WORK ITEM — Although the data below holds other lines too, output only those from the line with "Varga Mihálynak a" up to and including the line with "IN ORIGINAL scatola", exactly as they appear.

SOURCE DATA —
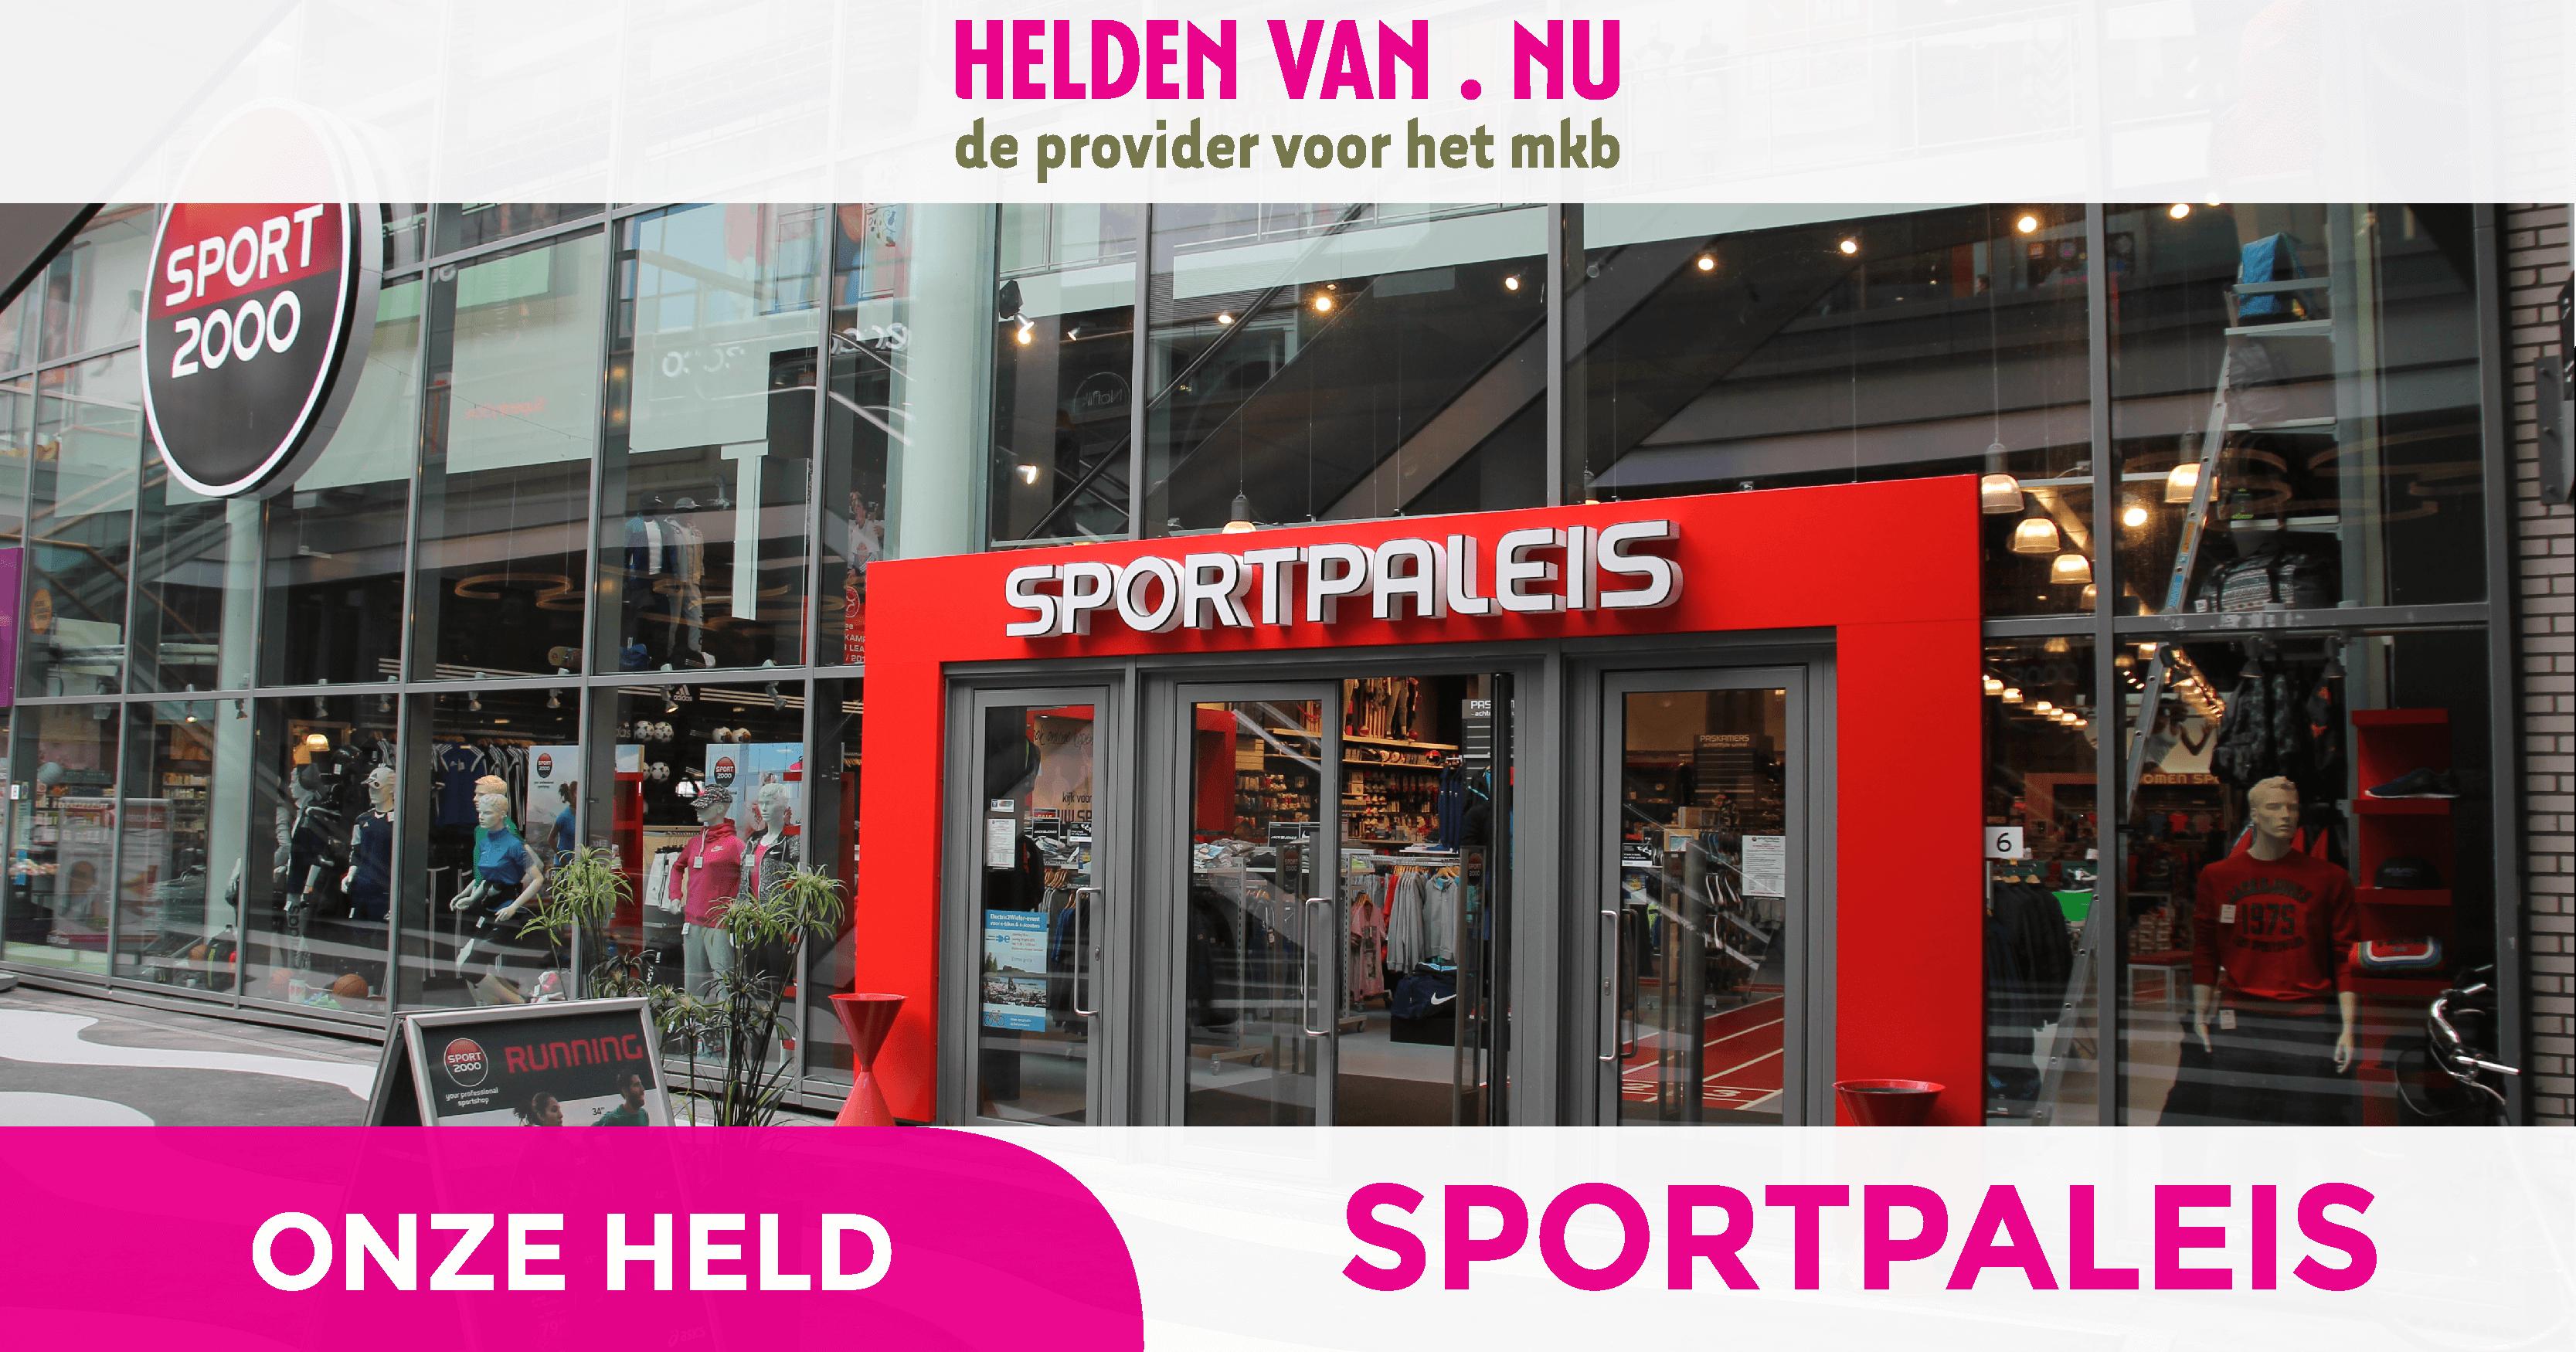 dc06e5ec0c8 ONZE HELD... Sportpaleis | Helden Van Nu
...
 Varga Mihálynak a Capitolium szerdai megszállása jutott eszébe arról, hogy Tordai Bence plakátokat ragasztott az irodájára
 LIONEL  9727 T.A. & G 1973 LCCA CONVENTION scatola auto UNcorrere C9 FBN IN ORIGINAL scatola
...
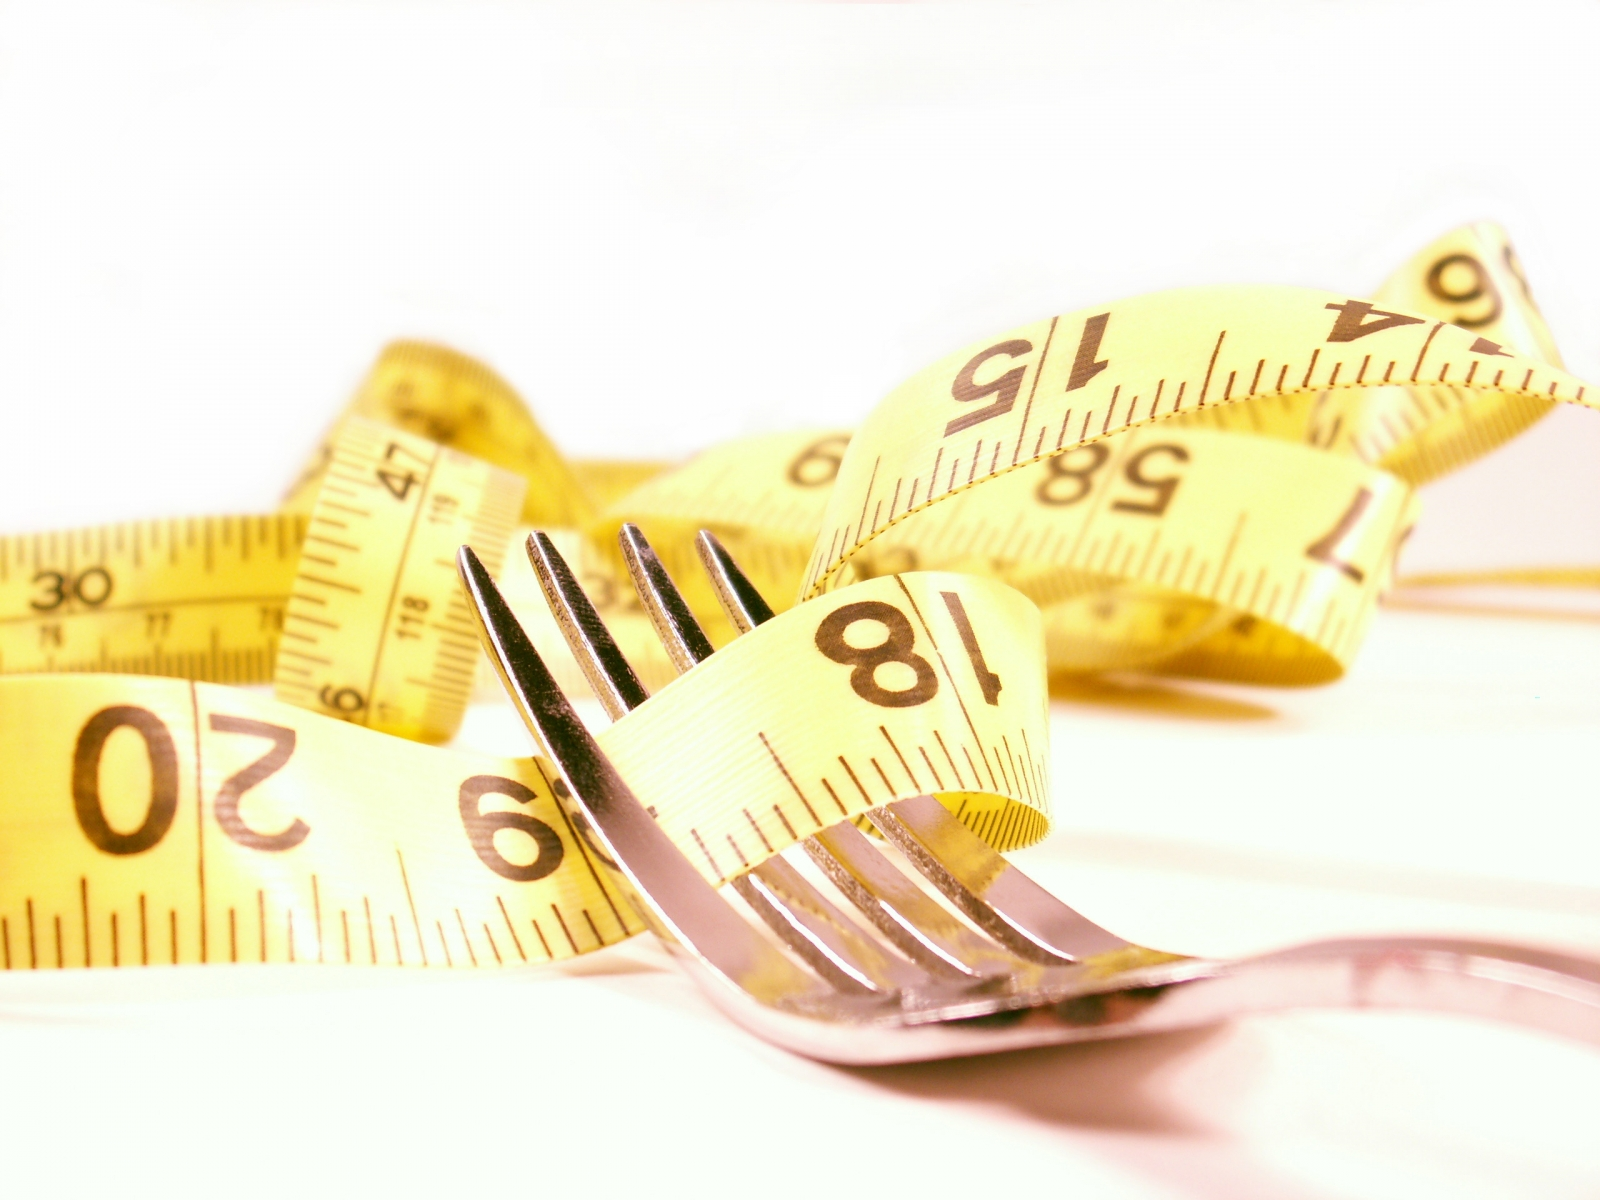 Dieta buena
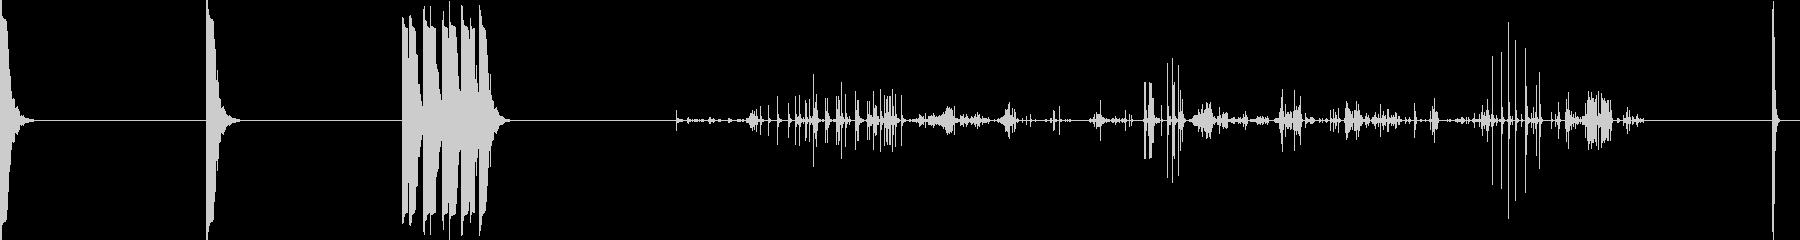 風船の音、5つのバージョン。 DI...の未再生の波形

WORKED SOLUTION —
 Varga Mihálynak a Capitolium szerdai megszállása jutott eszébe arról, hogy Tordai Bence plakátokat ragasztott az irodájára
 LIONEL  9727 T.A. & G 1973 LCCA CONVENTION scatola auto UNcorrere C9 FBN IN ORIGINAL scatola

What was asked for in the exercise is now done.